Keeping Up Like a Cardcashian – – Not Recommended

Sandy Balick of Consensus Point Mediation LLC (consensuspoint.com) discusses the importance of spending less and provides some pointers on how to do so.Carrying forward from my last post on long term savings – always a good idea and, if you’ve just emerged from a divorce, it may be an especially important one — we tackle the subject of curtailing spending waste.

Fearing that eyes are already glazing over, I’m forced to resort to that old online media trick: send in the Kardashians. Yes, it’s a name not infrequently annexed to the word divorce. But I’m mentioning the Kardashians only by way of introducing an unrelated family; one that most of us are literally card-carrying members of, the Cardcashians.

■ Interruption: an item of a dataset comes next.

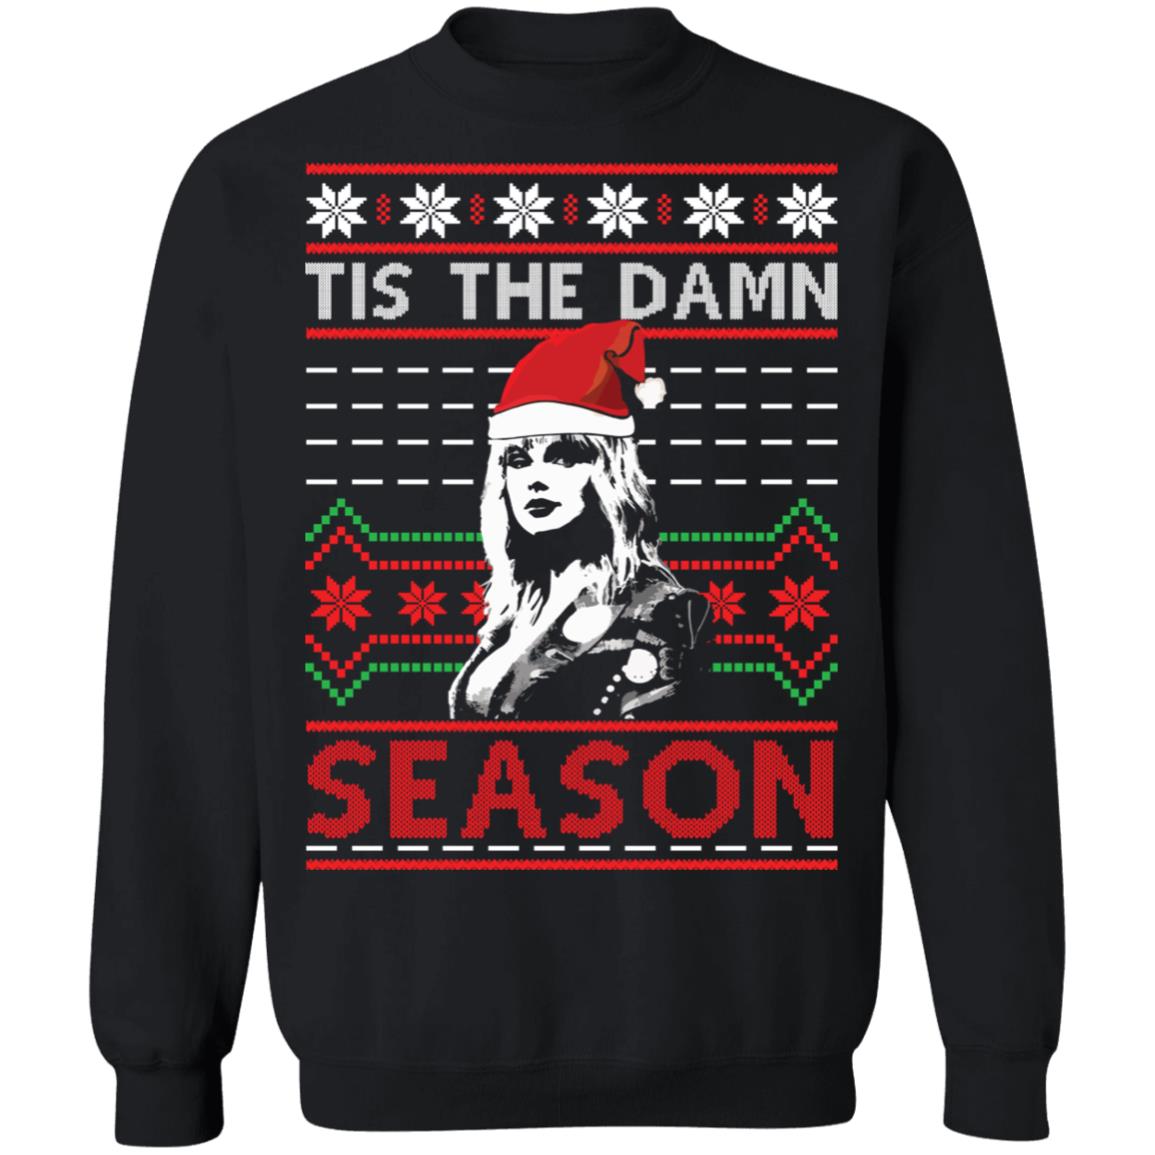 Taylor Tis The Damn Season Christmas Sweater

The Cardcashians constitute the great extended family of those of us (divorced or not) whose financial plan is to meet daily expenditures through some combination of credit card use and cash liberation from the ATM (for a small fee, of course). Where this practice involves rolling credit card debt from month to month, there’s likely little opportunity for long-term savings.

The divorce settlement details of the Cardcashians may be a lot less interesting than those associated with the other family, but one thing is certain: without a disciplined spending and savings plan, we’ll remain Cardcashians forever with the risk of setting ourselves up for an underfunded retirement.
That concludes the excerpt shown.